In 1925, Joseph and his son Malcolm Biedenharn, together with other entrepreneurs, purchased a crop-dusting business. They added eighteen planes, making it the largest privately owned fleet in the world. That company eventually developed as Delta Air Lines. It operated from Monroe before moving to the larger regional city of Atlanta. Until the late 1990s, a Biedenharn family member always sat on the Delta board.

After the death of his son Malcolm, Biedenharn named a grandson, Henry A. Biedenharn Jr. (1919–2010), as the president of the Ouachita Coca-Cola Bottling Company. Joseph Biedenharn died in the fall of 1952 in Monroe at the age of eighty-five.

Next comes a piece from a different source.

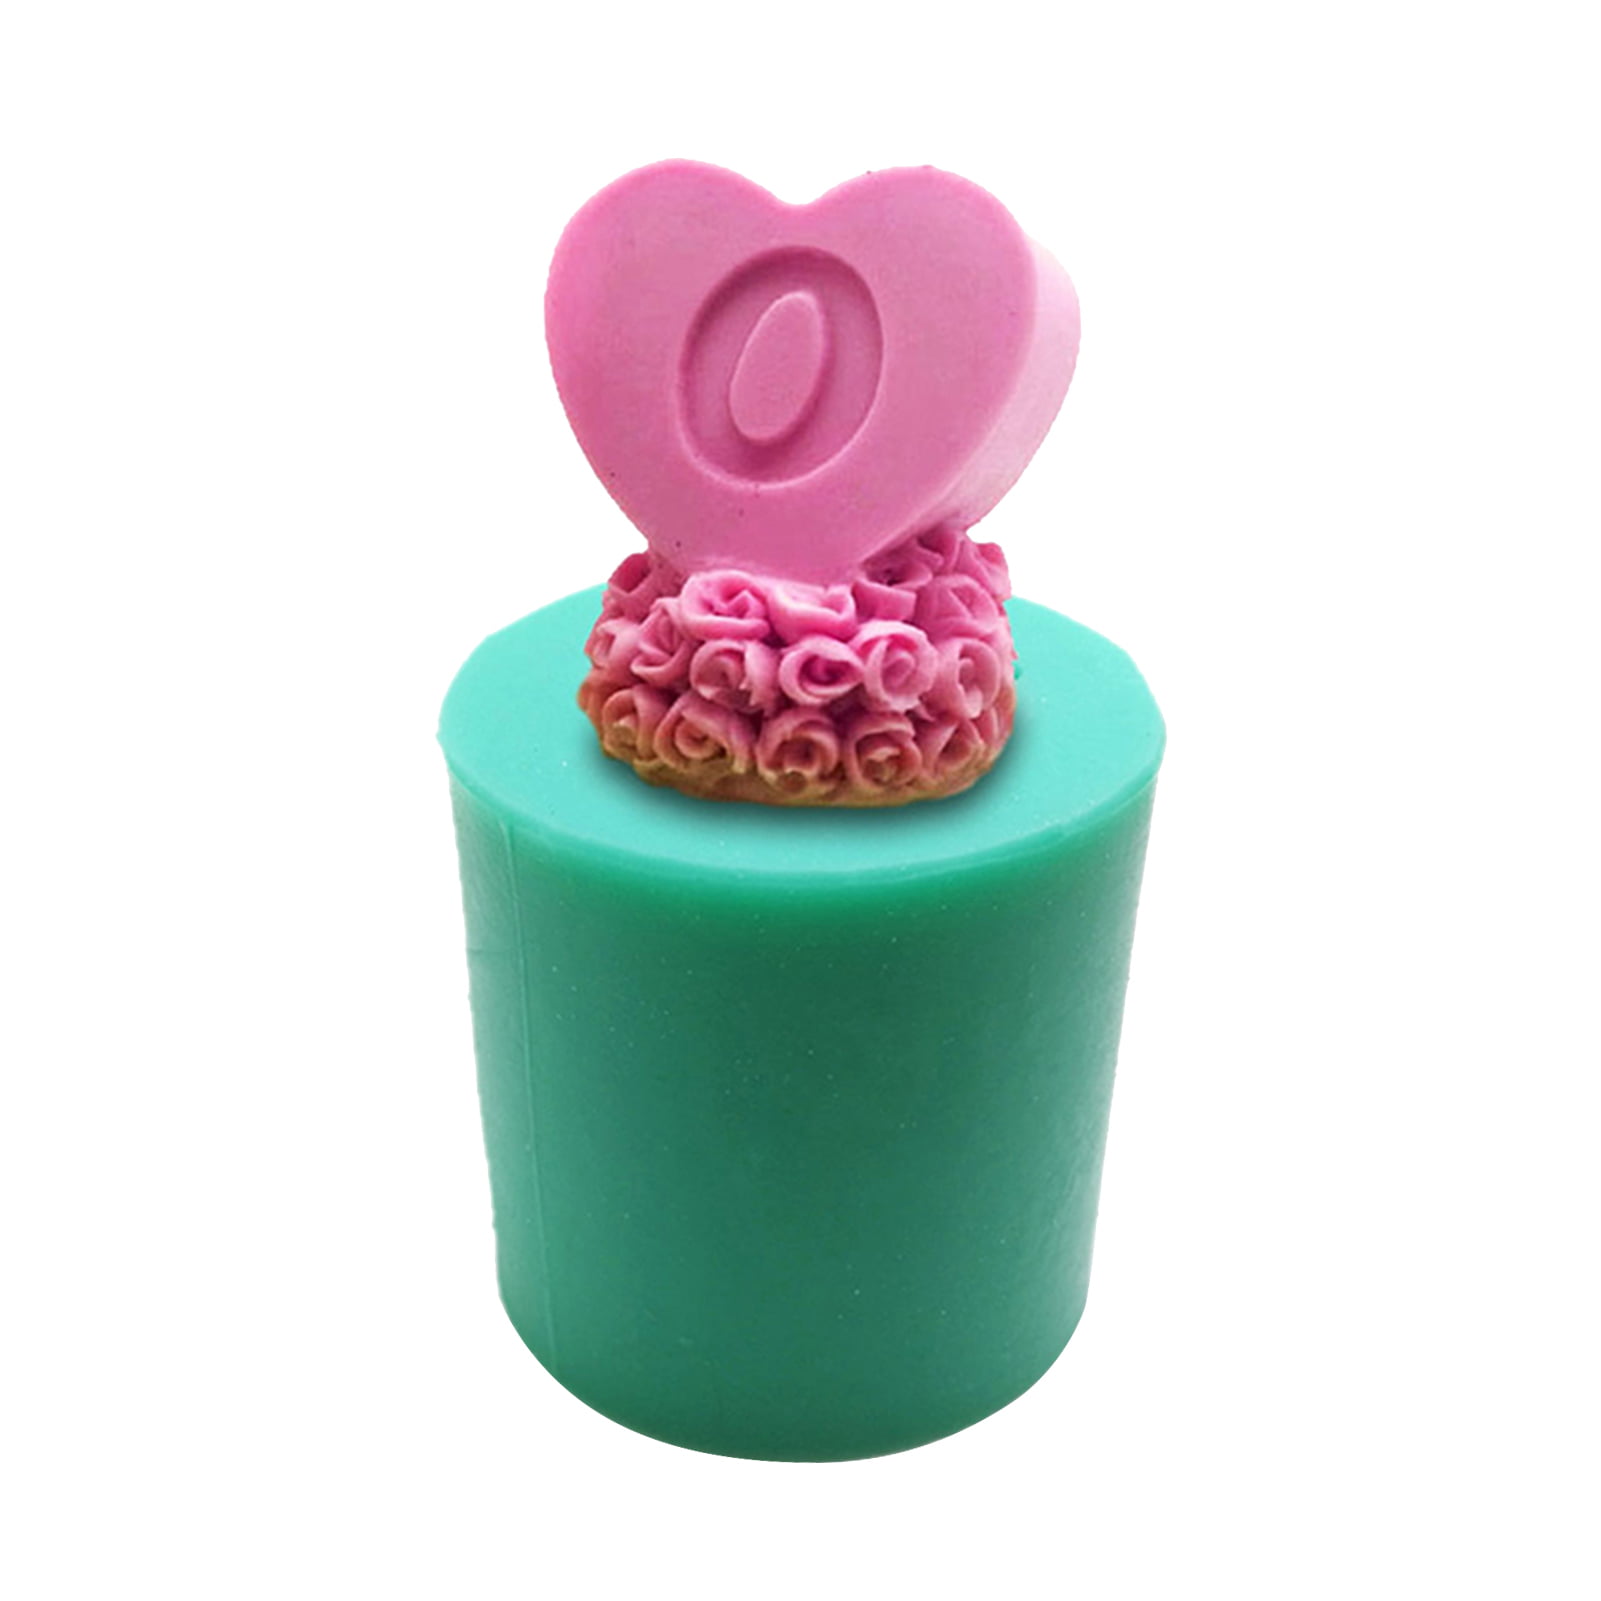 3D Heart Flowers Silicone Mold Fondant Mold Cake Chocolate Decorating Tools WRDE 
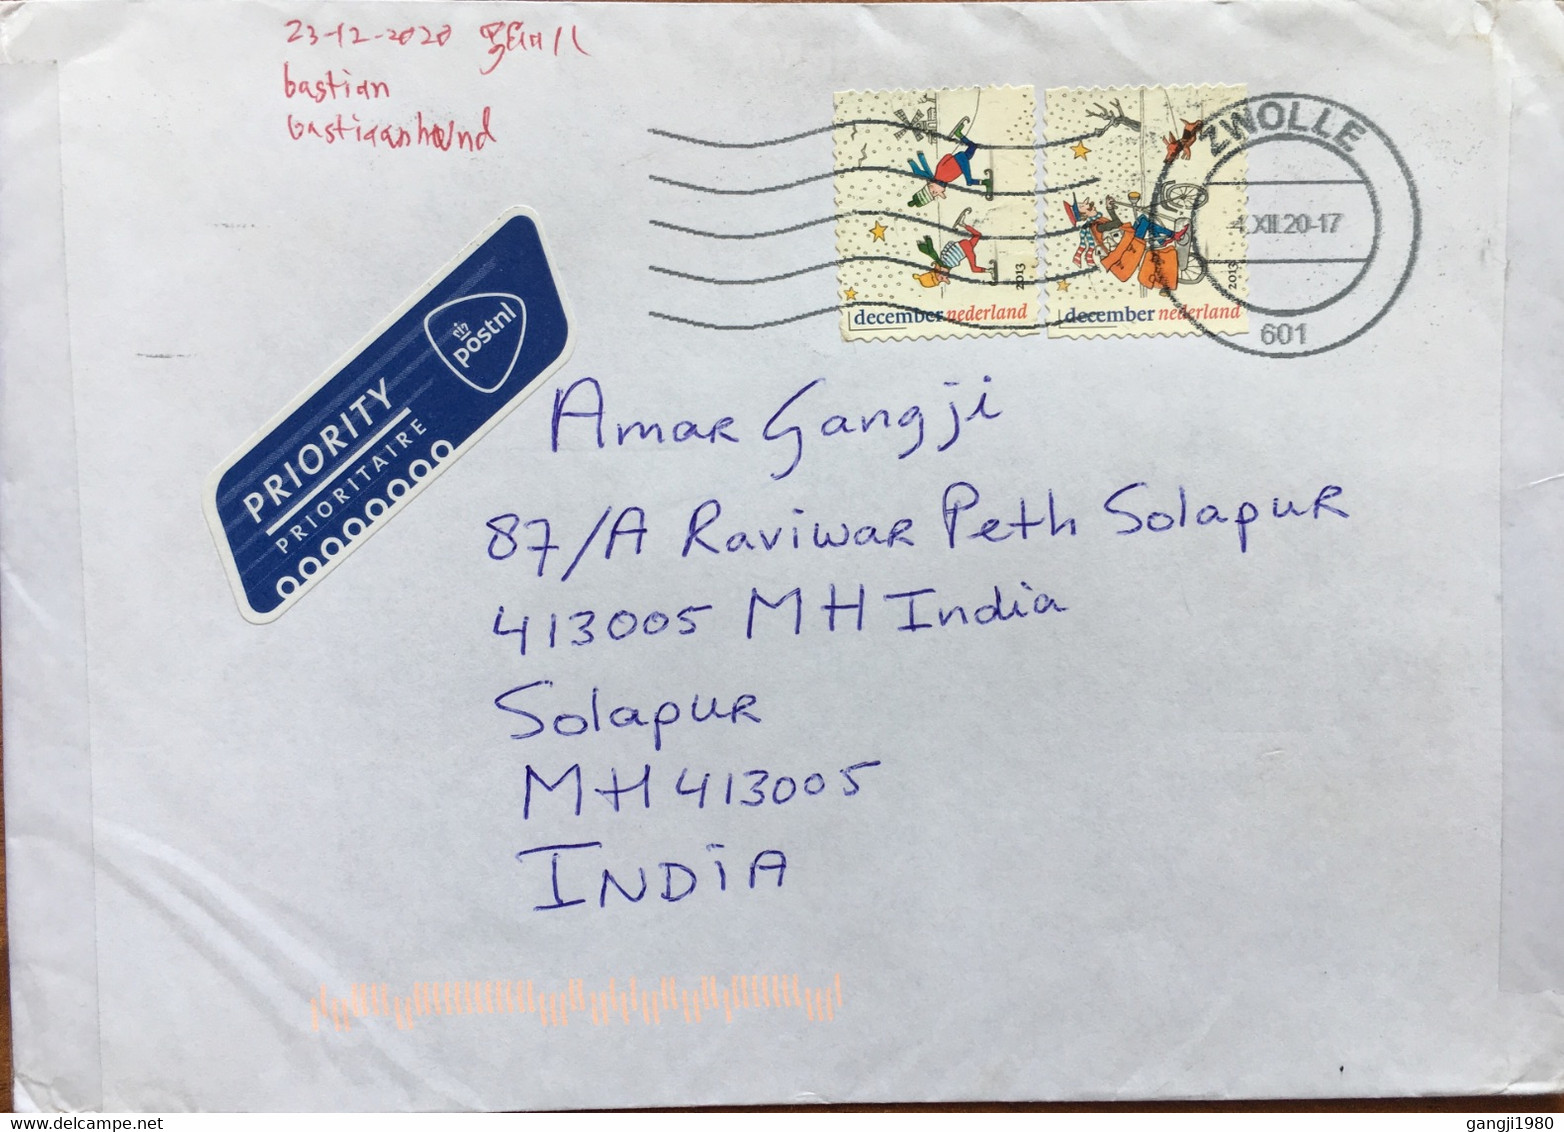 NEDERLAND 2020,CORONA PERIOUD ,POSTMAN ON BICYCLE!! CHILDEN SKATING IN WINTER 2013 STAMP USED AIRMAIL COVER TO INDIA , - Covers & Documents

In 1962, Emy-Lou Biedenharn published a memoir of her father, a decade after his death. In 1971, she established the Emy-Lou Biedenharn Foundation as a charitable organization in the city.

Henry A. Biedenharn Jr., a Monroe native who served in World War II as a United States Navy flight instructor, also became affiliated with Biedenharn Realty Company, Inc., the Harn and Biedco corporations, the Ouachita National Bank, Premier Bank, and Bank One. He participated as well in the foundation established by his aunt, Emy-Lou Biedenharn. In 1940, he wed the former Dorothy "Doll" Hudson (1921–2017), a socialite also from Monroe. The couple had four children.

The Biedenharn family is known for its philanthropy:

Just look around our community—there's an Emy-Lou Biedenharn Recital Hall at the University of Louisiana at Monroe, there are at least three student scholarships at ULM, and we've got the ballfields in West Monroe. The individual family members also have been very charitable," said Ralph Calhoun, executive director of the museum and gardens.

Alana Cooper, executive director of the Monroe-West Monroe Convention and Visitors Bureau, told the Monroe News-Star that her city might be a much different community if the Biedenharns had never moved there: "Large corporations were formed in the area and they grew into national companies and that's because he and his family were smart businesspeople. A lot of things grew from those businesses ... that provided a lot of jobs for a lot of people." Cooper also noted that Emy-Lou Biedenharn left her own cultural legacy to the city.